Discharges under Don’t Ask/Don’t Tell
1994__617
1995__772
1996__870
1997__1,007
1998__1,163
1999__1,046
2000__1,241
2001__1,273
If American society was becoming more accepting, why did the discharge rates under DADT continue to rise? Yes, the military leadership is often much more conservative than society at large, but it is led by civilians for a reason. Clinton never took up the fight again after his lose, even after he declared the policy a "failure" after the Barry Winchell murder.
The drop after 2001 did not represent a massive liberalization of the Military, but simply a practical response to the need for service-members during Afghanistan & Gulf War II. So the Defense Dept. seems to have no problem with GLB service-members dying during wartime, but only with them serving during peacetime.
There's also an argument to be made that had Clinton accomplished something sweeping it would have given him momentum for the 1994 elections. He was forced to compromise on gay service in the military and lost on Health Care. America, above all political ideologies, loves a winner.
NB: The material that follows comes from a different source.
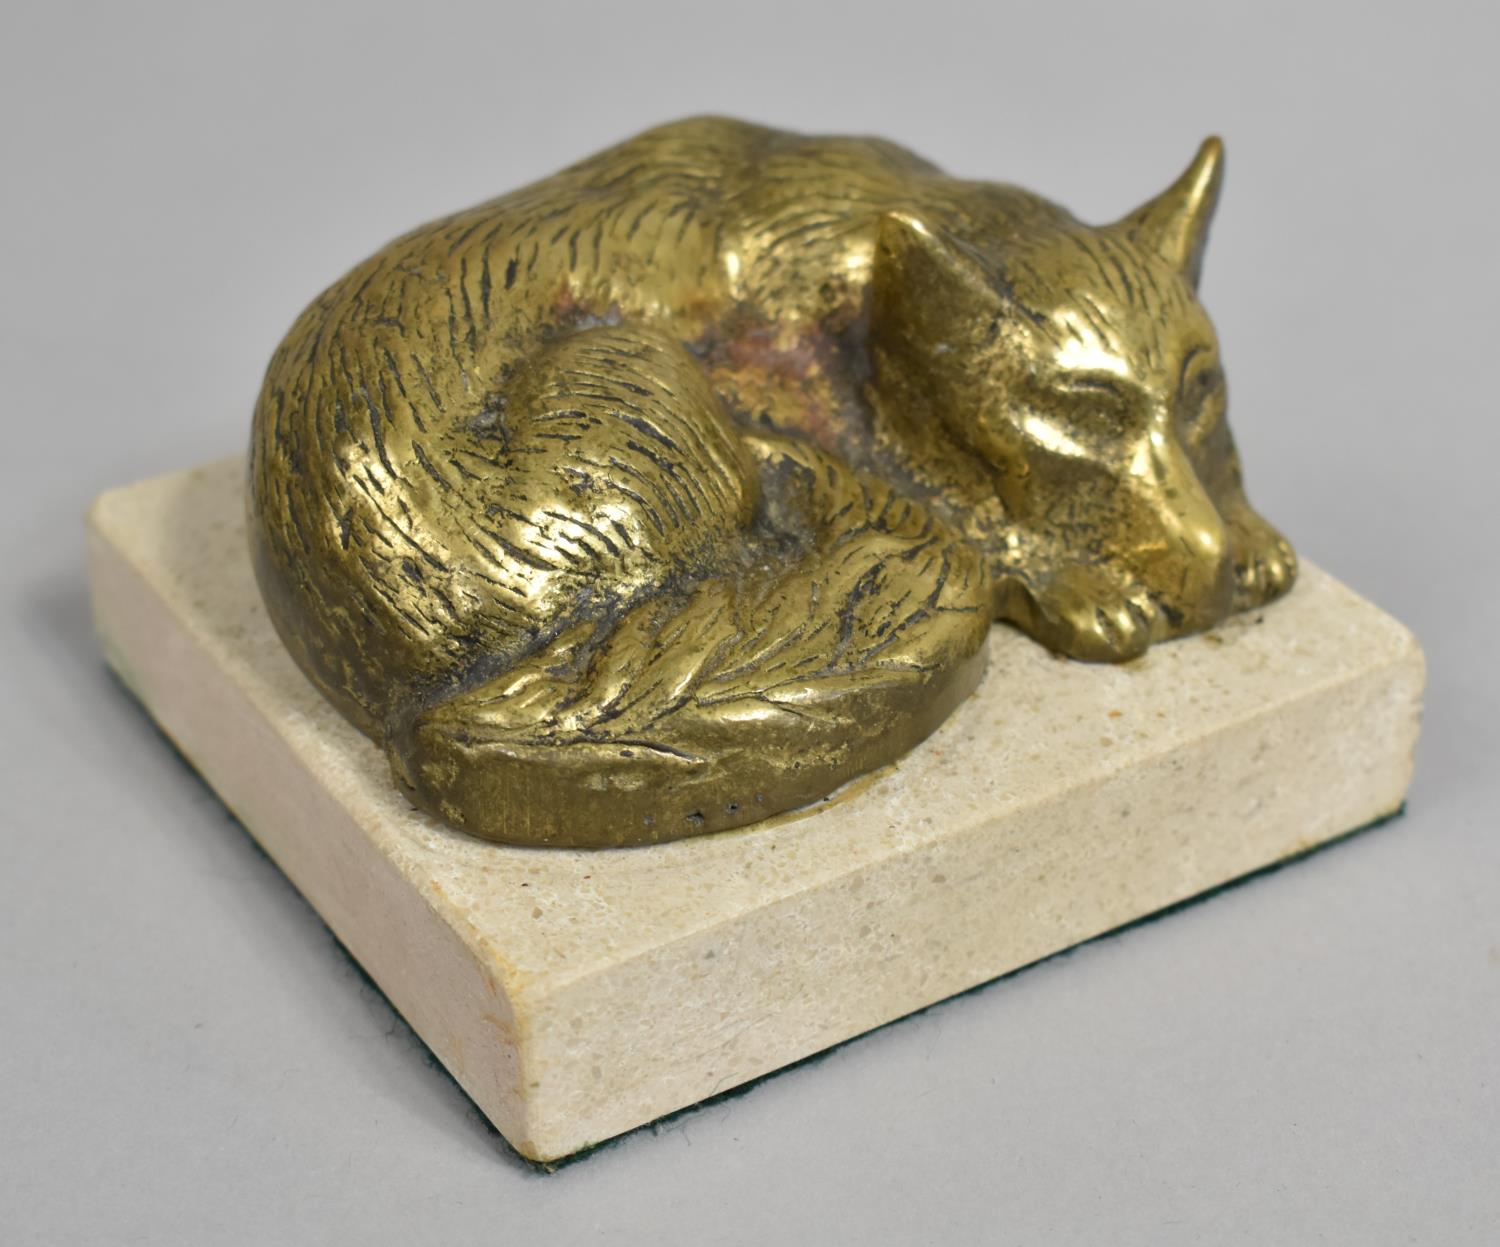 A Cast Brass Model of a Curled Sleeping Fox on Stone Plinth, 10cms Square

Just look at the bump in the approval of Health Care reform following its passage.
Maybe I am too young to understand exactly how much America has changed, but the fact that gay soldiers are chaining themselves to the White House fence and that we’re still (as in right now, today) discharging able-bodied, willing and competent service-members during a time of war says to me that there hasn’t been a fundamental change in those 20 years.